• _Raw data_
..............................
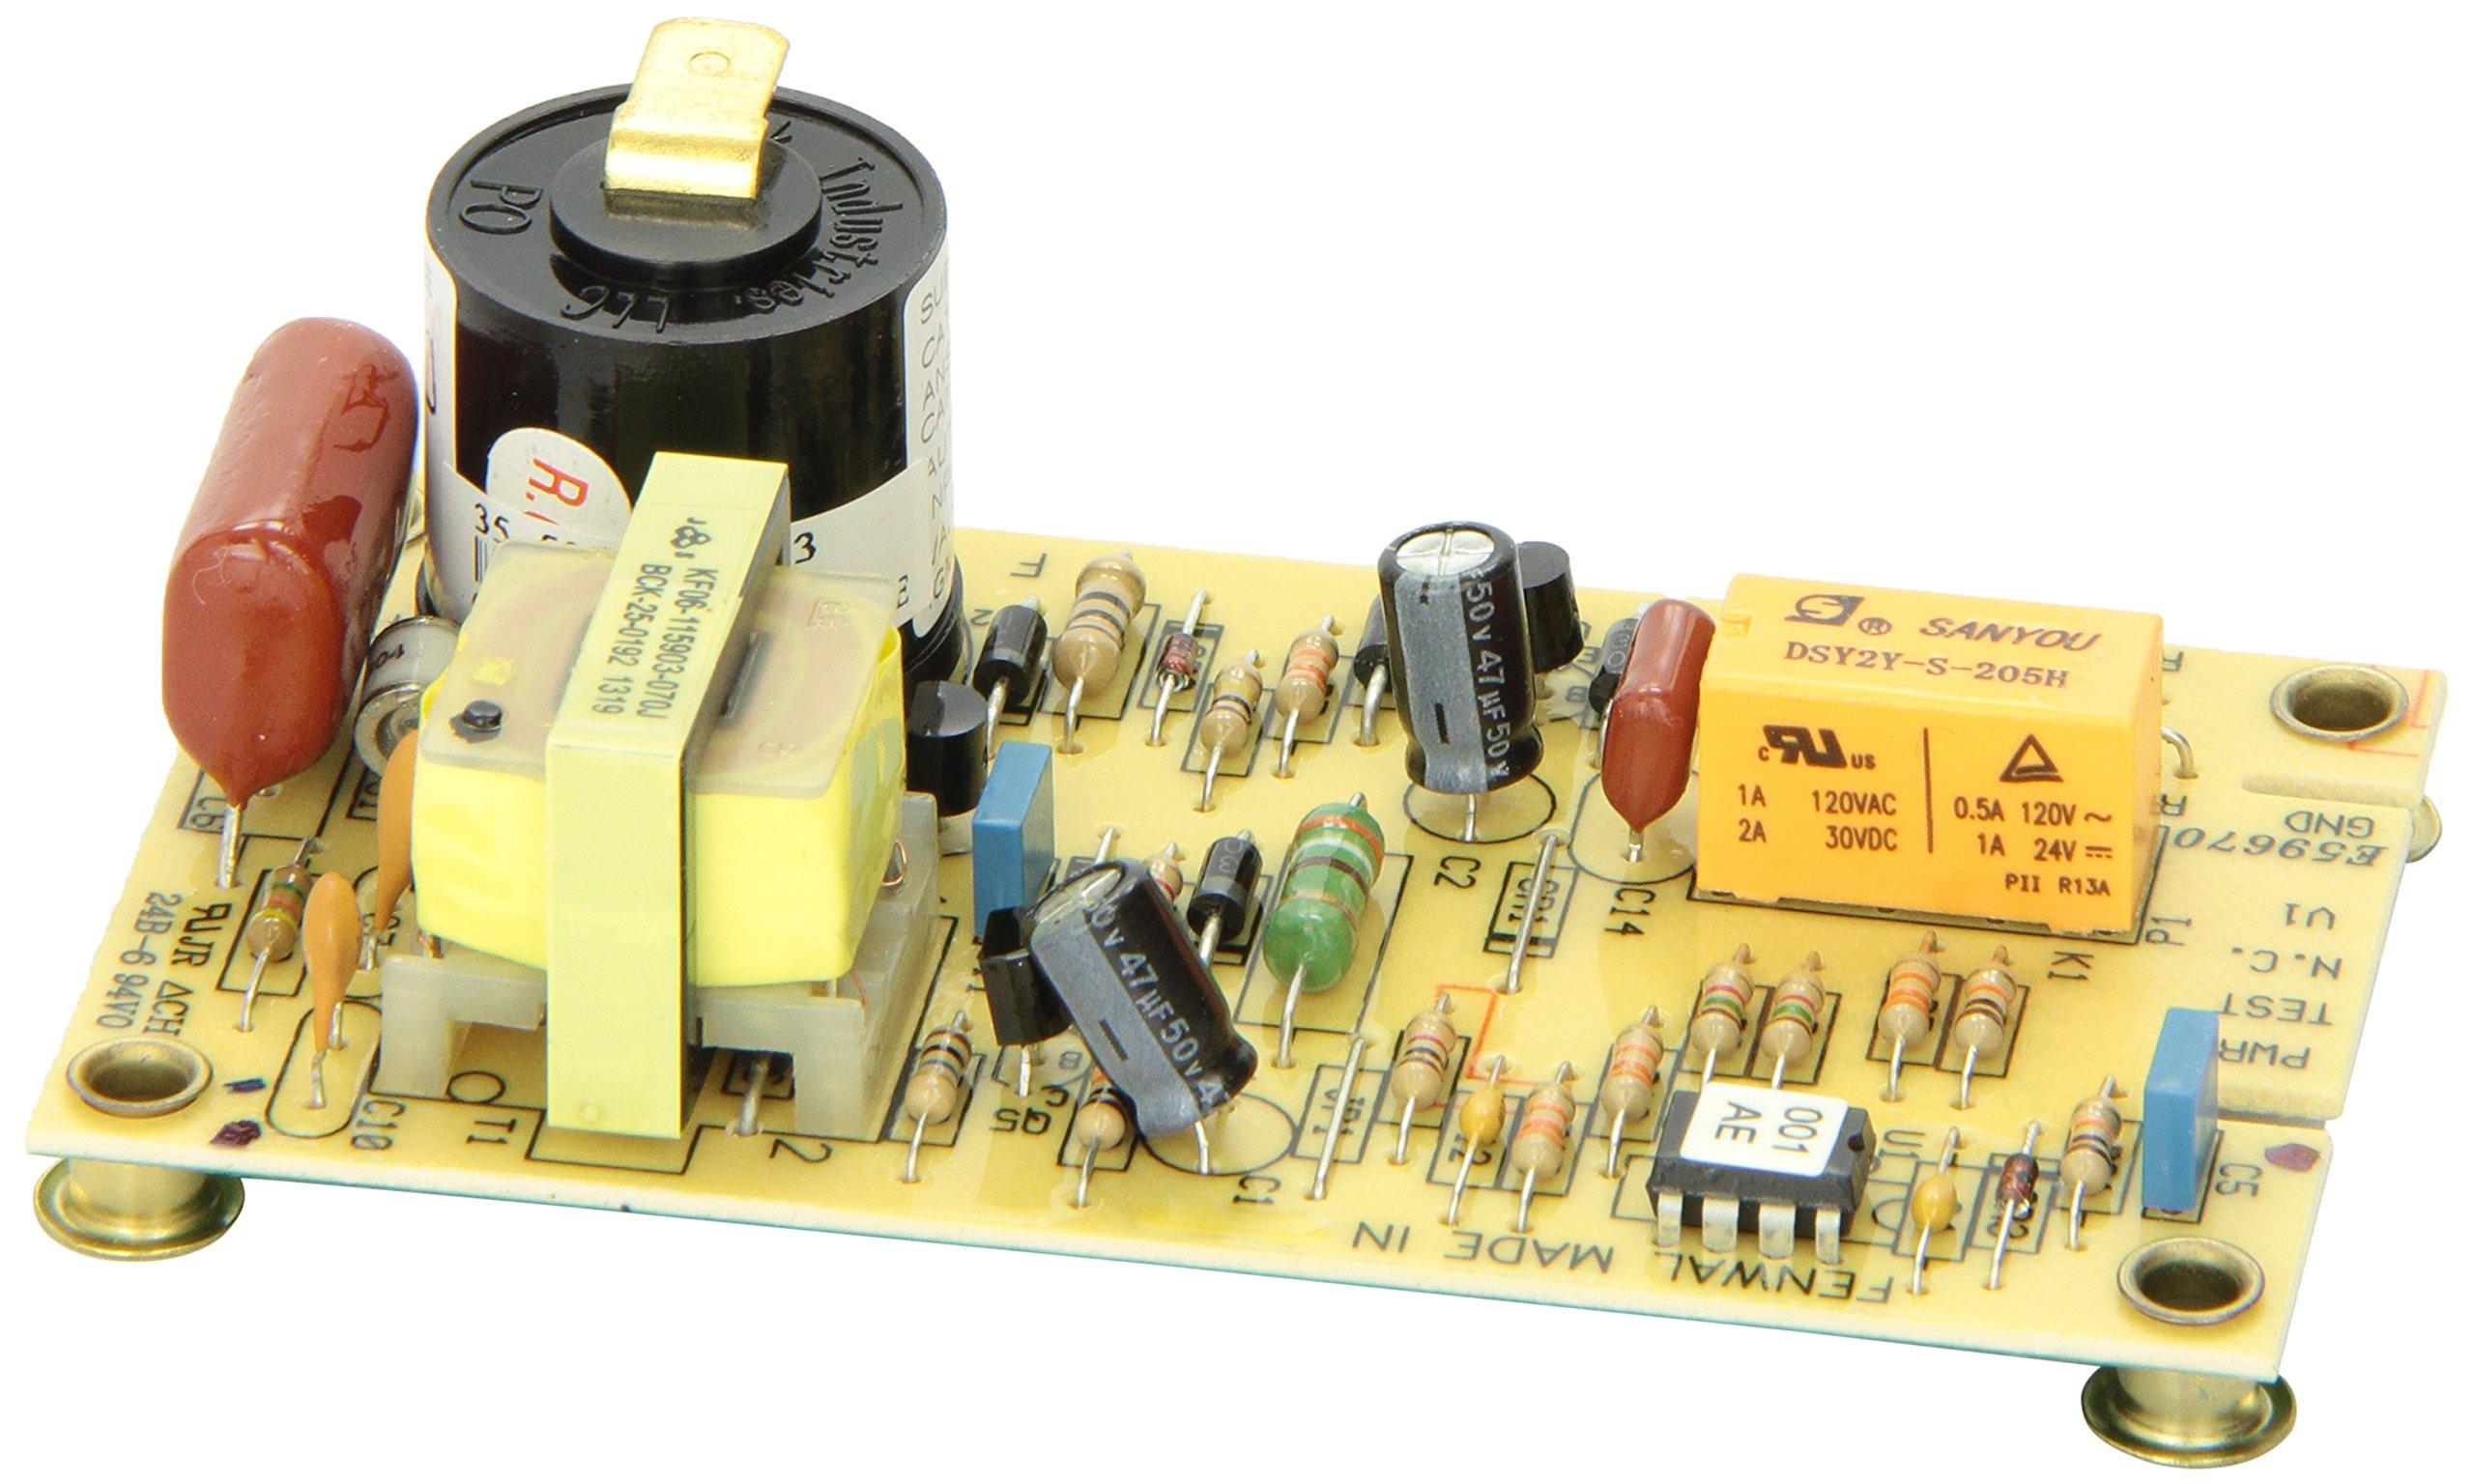 Groovy Wiring Water Heater Sw10De Parts Diagram Wiring Diagram G9 Wiring 101 Cominwise Assnl
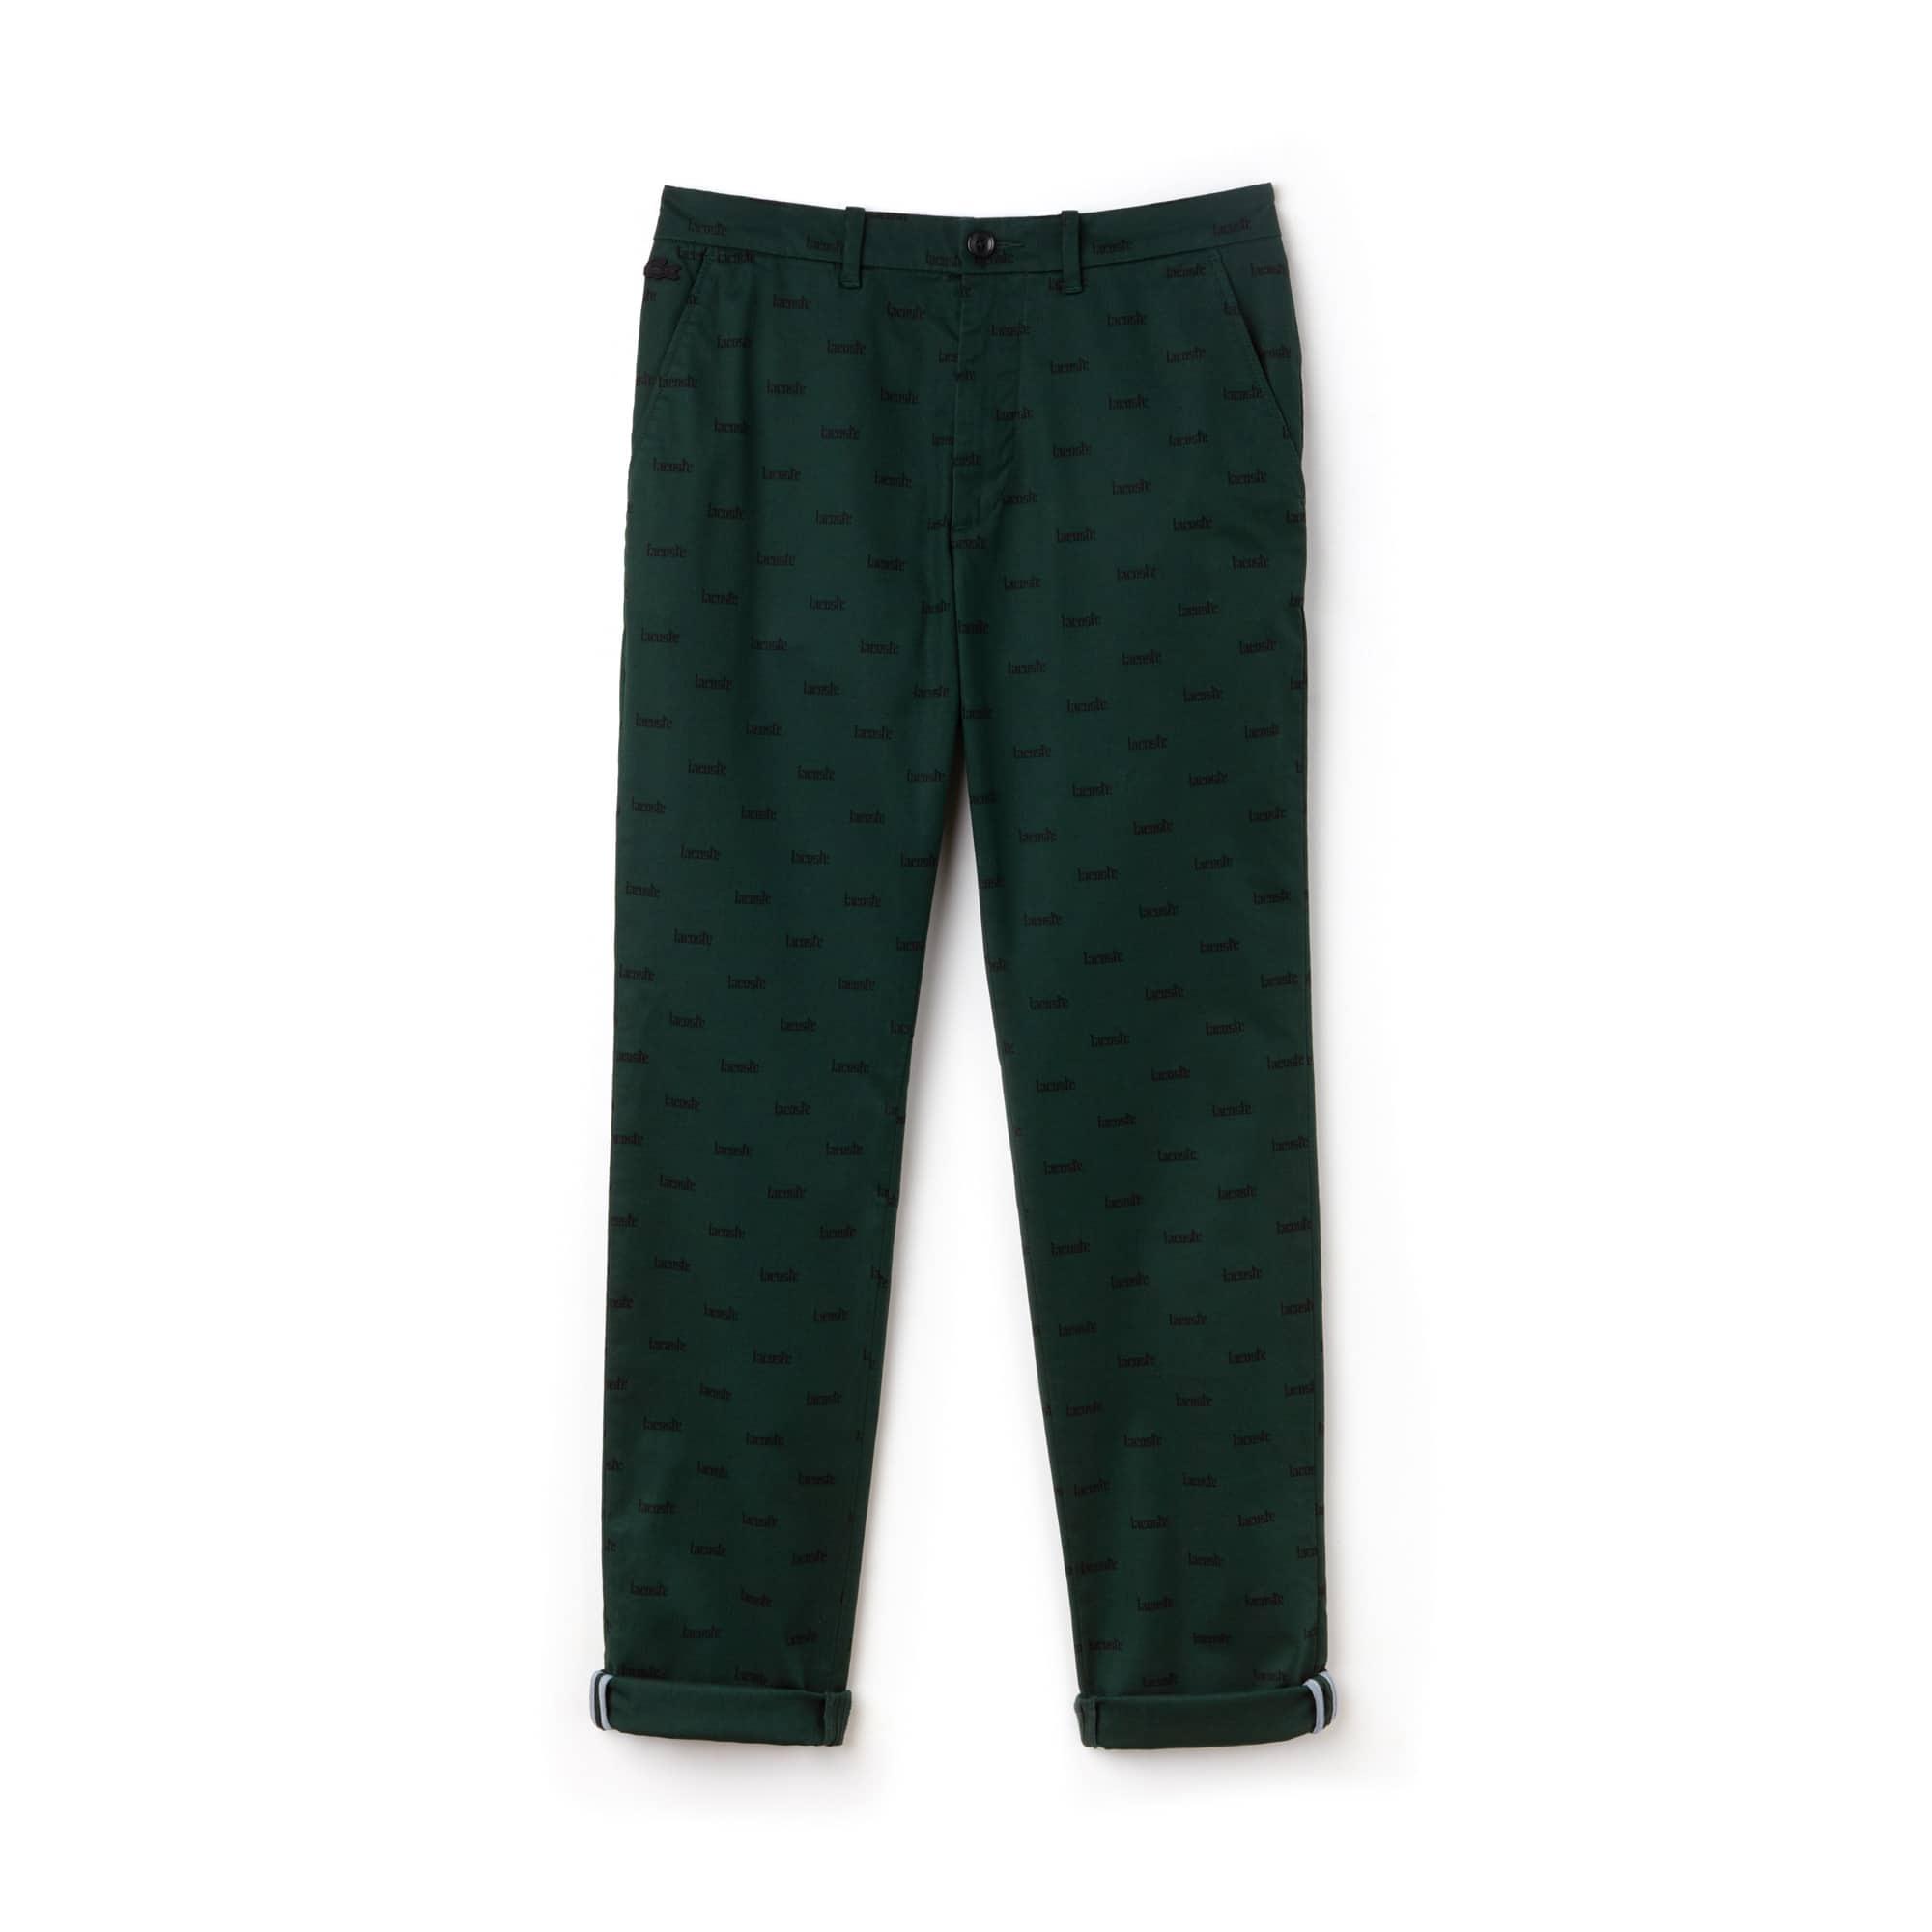 Men's LIVE Print Stretch Cotton Twill Chino Pants
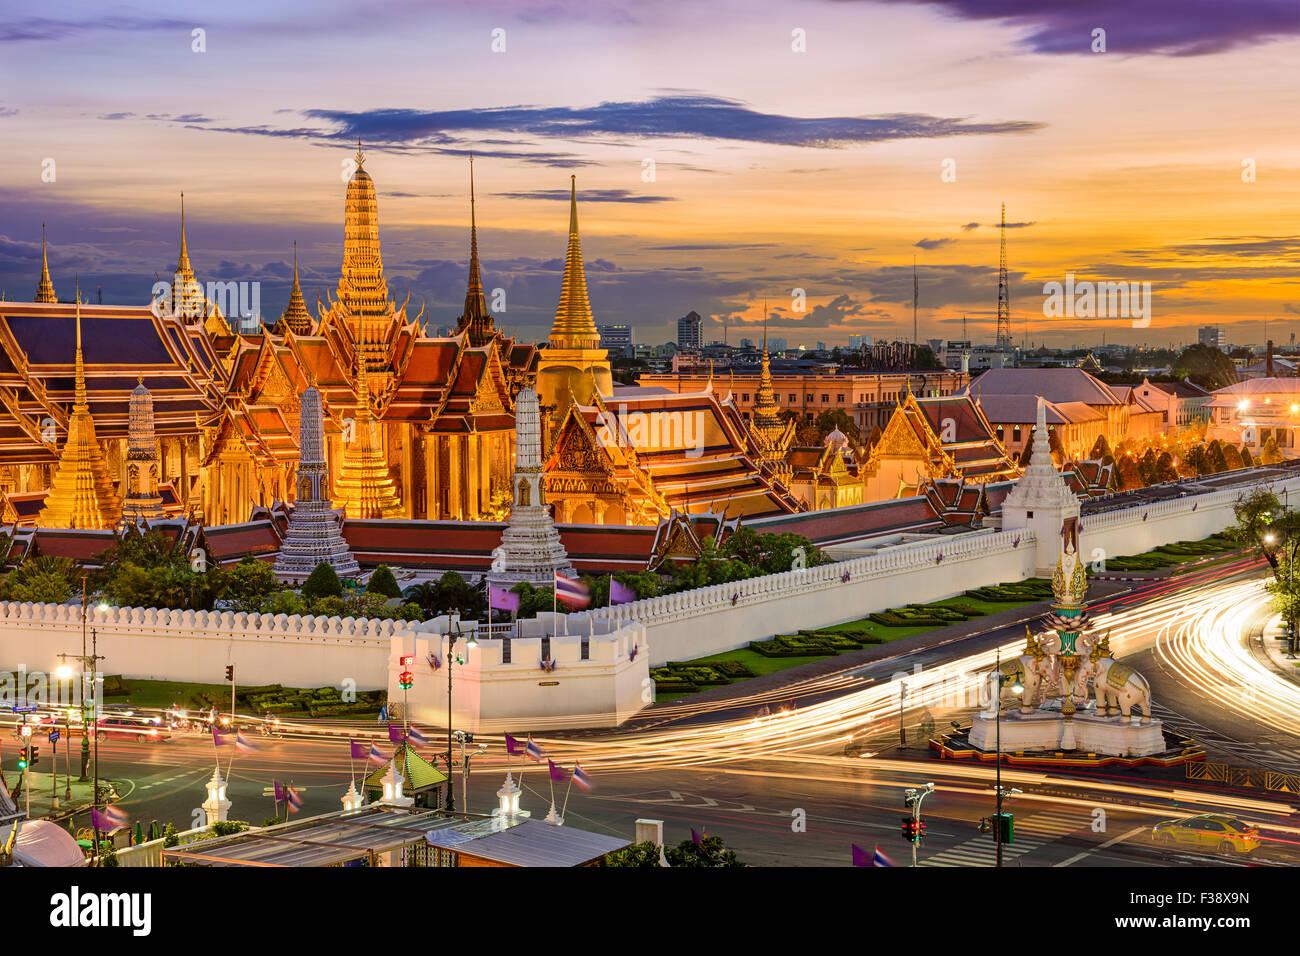 Bangkok, Thailand at the Temple of the Emerald Buddha and Grand Palace. - Stock Image
..............................
• _Task description_
Please print the line that contains "Men's LIVE Print" along with every later line of the material, exactly, through the last one. Leave pictures out of the copy.

• _Answer to the exercise_
 Men's LIVE Print Stretch Cotton Twill Chino Pants
 Bangkok, Thailand at the Temple of the Emerald Buddha and Grand Palace. - Stock Image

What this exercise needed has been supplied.